▶ [Your instructions] Everything from the line with "Документ № 40" through the last line of the data below should be copied exactly, apart from the pictures.

▶ [Information shown]
******************************

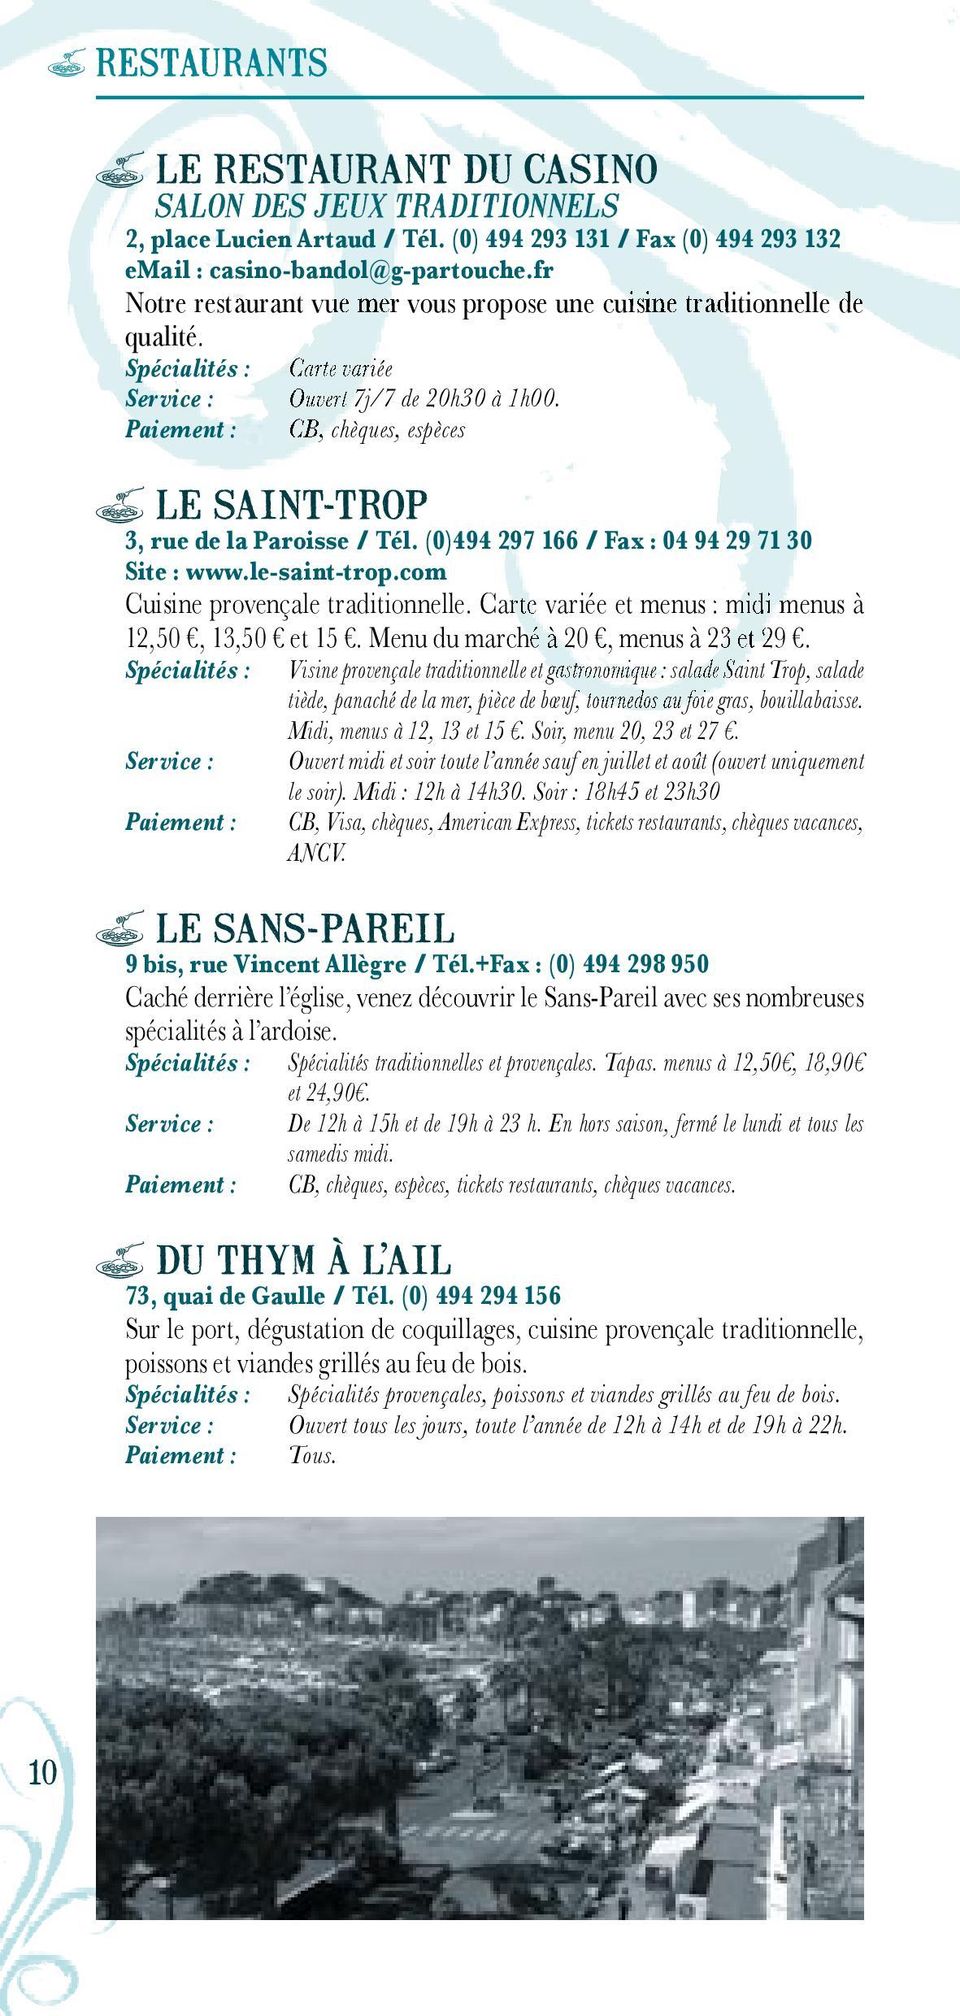 (0)494 297 166 / Fax : 04 94 29 71 30 Site : www.le-saint-trop.com Cuisine provençale traditionnelle. Carte variée et menus : midi menus à 12,50, 13,50 et 15. Menu du marché à 20, menus à 23 et 29.
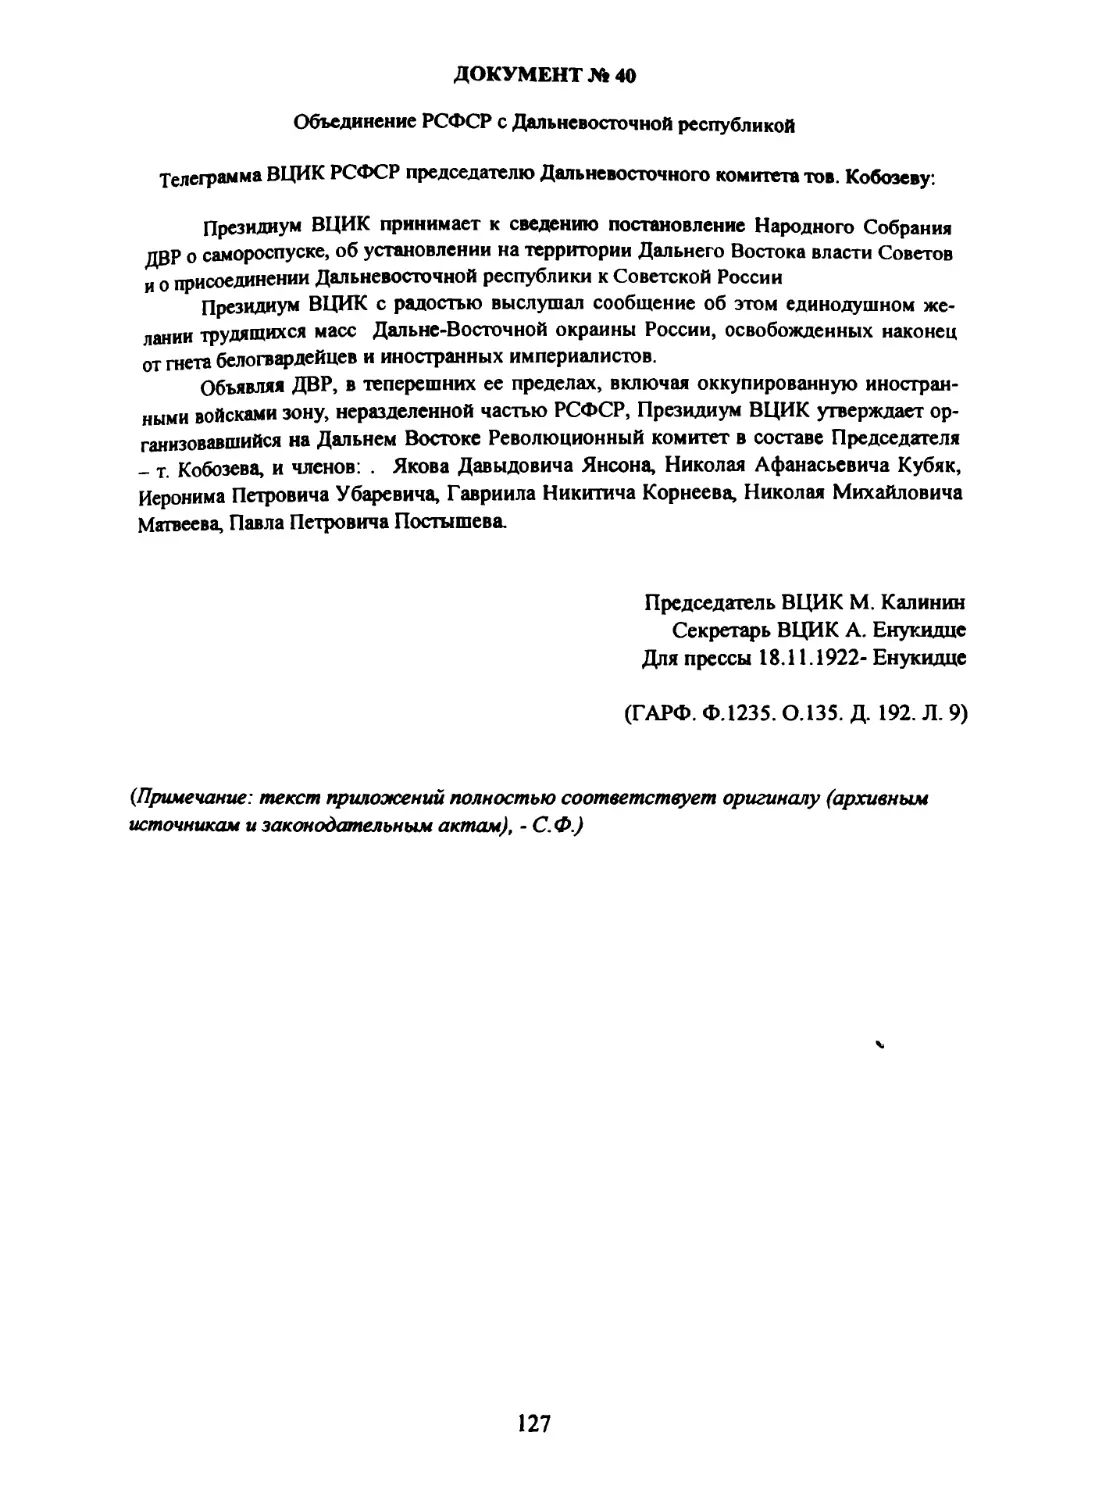 Документ № 40 Телеграмма ВЦИК РСФСР об объединении РСФСР с Дальневосточной республикой
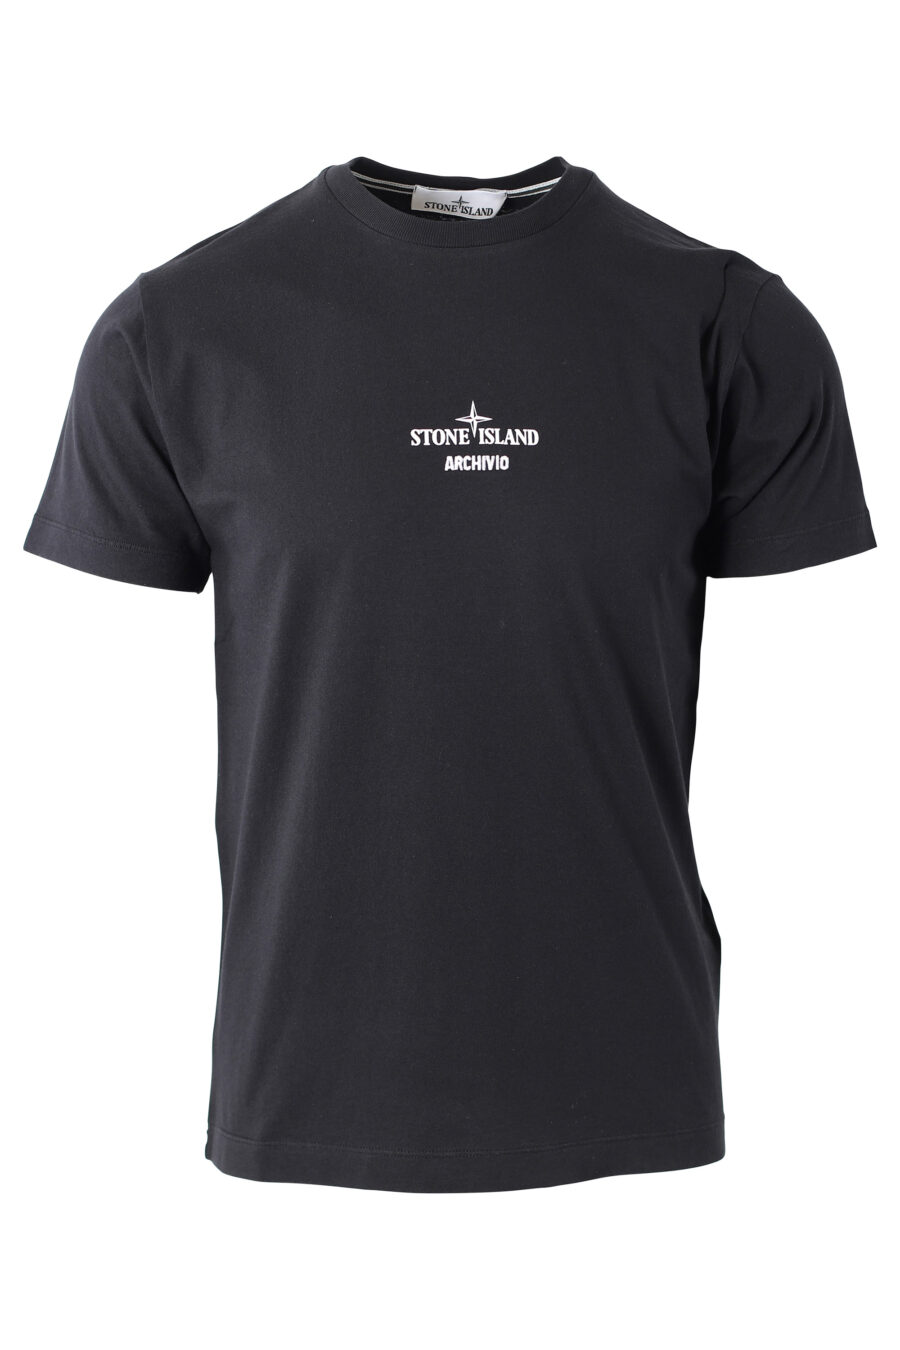 T-shirt schwarz "archivio" - IMG 1130
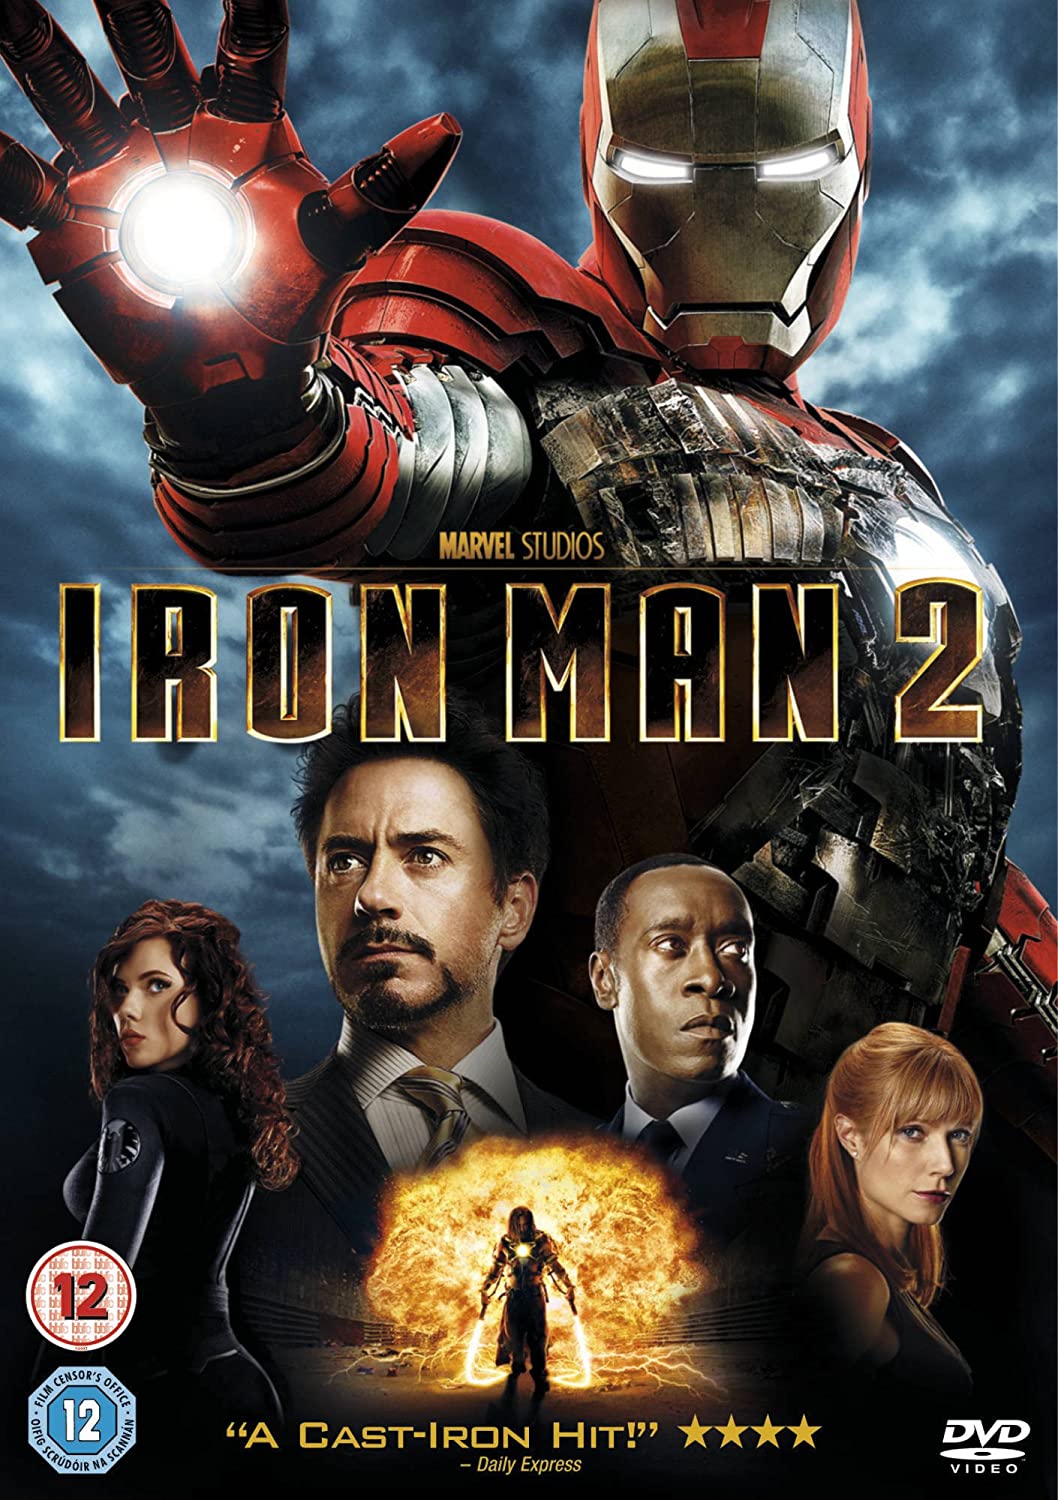 Iron Man 2 - Action/Adventure [DVD]

******************************

▶ [Solution to the problem]
 Документ № 40 Телеграмма ВЦИК РСФСР об объединении РСФСР с Дальневосточной республикой
 T-shirt schwarz "archivio" - IMG 1130
 Iron Man 2 - Action/Adventure [DVD]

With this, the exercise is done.